Of course we can make our graph a little prettier. Type:

    twoway (line dtotal week if year == 2015 & countrycode=="USA", lcolor(gray))(line dtotal week if year == 2016 & countrycode=="USA", lcolor(gray))(line dtotal week if year == 2017 & countrycode=="USA", lcolor(gray))(line dtotal week if year == 2018 & countrycode=="USA", lcolor(gray)) (line dtotal week if year == 2019 & countrycode=="USA", lcolor(gray)) (line dtotal week if year == 2020 & countrycode=="USA")(line dtotal week if year == 2021 & countrycode=="USA") (line dtotal week if year == 2022 & countrycode=="USA"), title("Weekly Deaths USA (2015-2022)") ytitle("Deaths") legend(order(5 "2015-2019" 6 "2020" 7 "2021" 8 "2022") col(4)) xlabel(.3 "Jan" 4.3 "Feb" 8.6 "Mar" 12.9 "Apr" 17.3 "May" 21.6 "Jun" 25.9 "Jul" 30.2 "Aug" 34.5 "Sep" 38.8 "Oct" 43.1 "Nov" 47.4 "Dec", ang(45))

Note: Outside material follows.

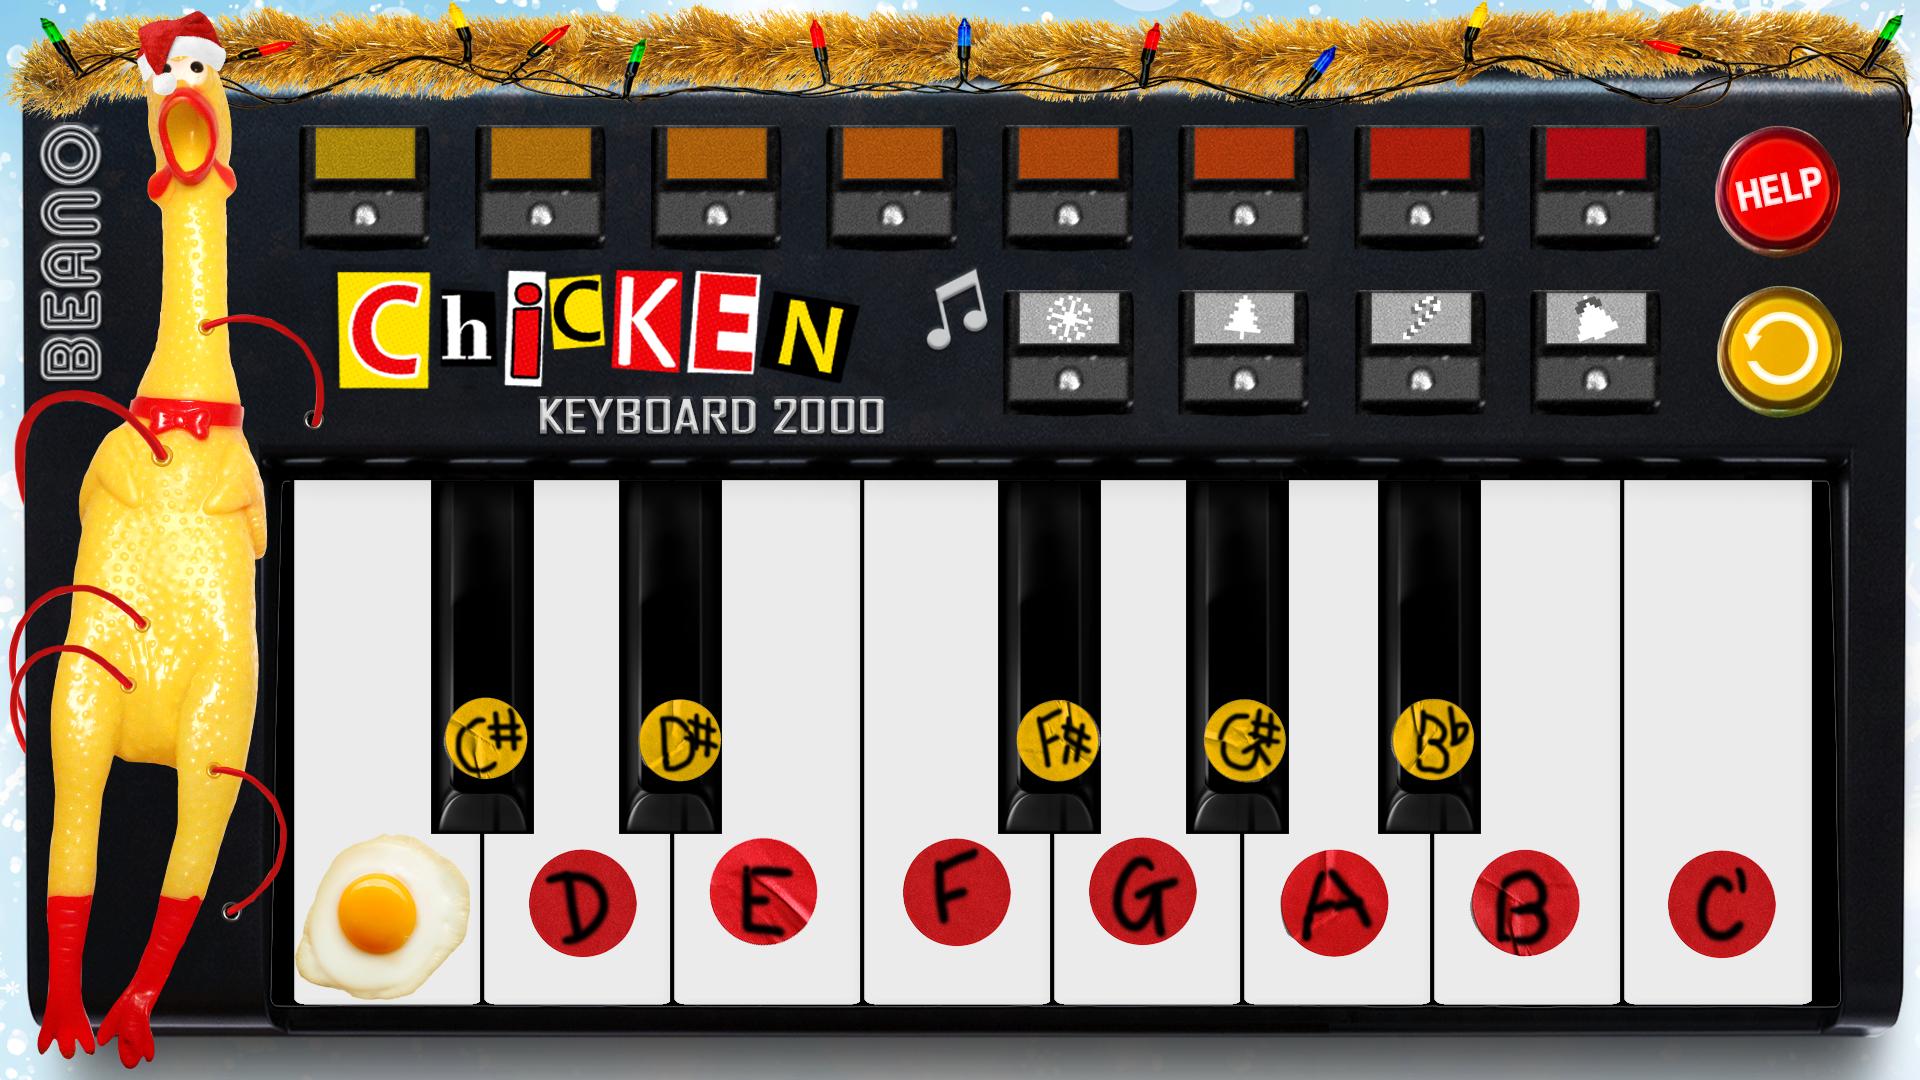 Rubber Chicken Keyboard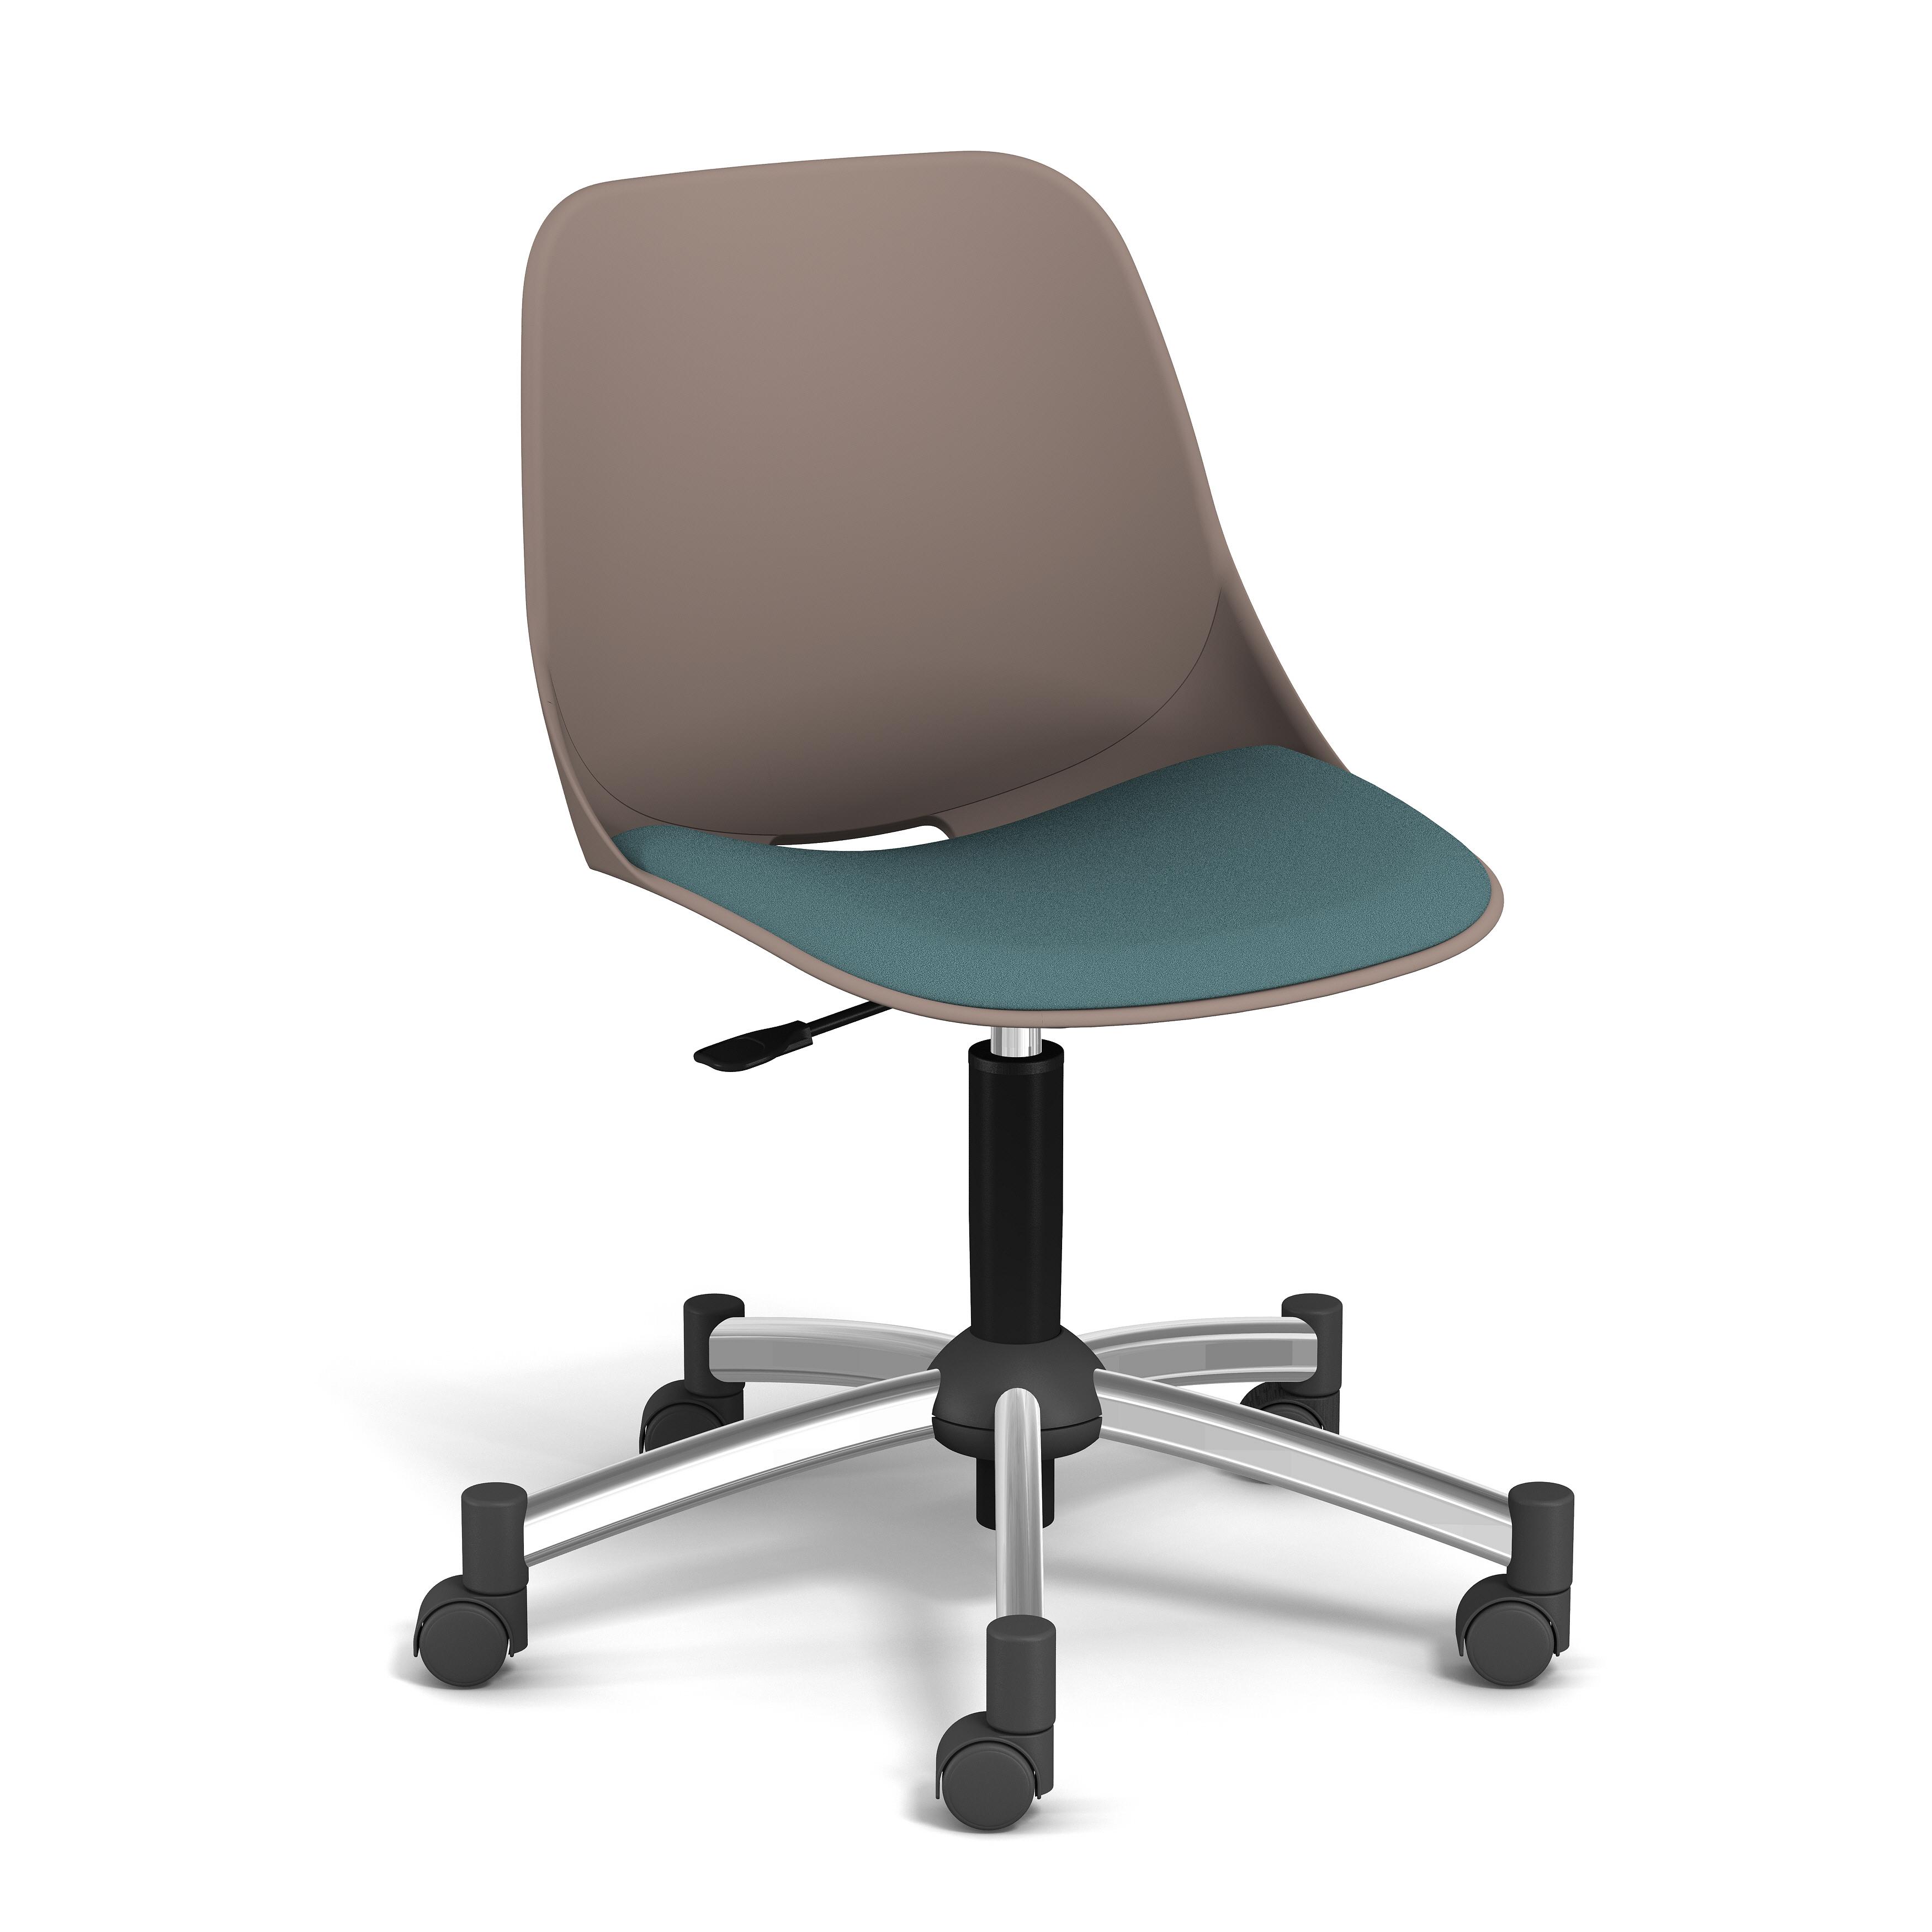 Chaise PALM - coque taupe - assise vert - base chromé

And we can check if things improved in 2023. Type:

    twoway (line dtotal week if year == 2015 & countrycode=="USA", lcolor(gray))(line dtotal week if year == 2016 & countrycode=="USA", lcolor(gray))(line dtotal week if year == 2017 & countrycode=="USA", lcolor(gray))(line dtotal week if year == 2018 & countrycode=="USA", lcolor(gray)) (line dtotal week if year == 2019 & countrycode=="USA", lcolor(gray)) (line dtotal week if year == 2020 & countrycode=="USA")(line dtotal week if year == 2021 & countrycode=="USA") (line dtotal week if year == 2022 & countrycode=="USA") (line dtotal week if year == 2023 & countrycode=="USA"), title("Weekly Deaths USA (2015-2023)") ytitle("Deaths" " ") legend(order(5 "2015-19" 6 "2020" 7 "2021" 8 "2022" 9 "2023") col(5)) xlabel(.3 "Jan" 4.3 "Feb" 8.6 "Mar" 12.9 "Apr" 17.3 "May" 21.6 "Jun" 25.9 "Jul" 30.2 "Aug" 34.5 "Sep" 38.8 "Oct" 43.1 "Nov" 47.4 "Dec", ang(45))

4. Comparing data

command [action]
4.1. display [displays output - can be used as a calculator]
4.2. ttesti obs_1 mean_1 sd_1 obs_2 mean_2 sd_2 [conducts 2-way ttest]

Let's compare death rates in the US in 2020 (observed) to the averge deaths from 2014-2019 (expected) and test if they are statistically different. Type:

    sum rtotal if countrycode == "USA" & year >2014 & year < 2020
    sum rtotal if countrycode == "USA" & year == 2020
    ttesti 53 .010187 .0012105 260 .0085809 .0005351

Now we can calculate excess deaths. We just need to multiply the difference in the expected and observed death rate (.001684) by the population 331,002,651. We can use the 95% confidence interval to calculate high and low estimates. Type:

    display .0016061 * 331002651
    display .0013999 * 331002651
    display .0018123 * 331002651

***US reported 375,546 total COVID death on Jan. 1 2021***

5. Try it

Choose a country from the dataset other than the US. Create a graph of your country's weekly deaths from 2015-2022. Answer the questions on the handout. After you finish, type the following into Stata:

    do "https://eddie-hearn.github.io/teaching/FYS/loop"

Find your country name.log and name.pang in the folder "reports" that will automatically open on your computer. Check your answers.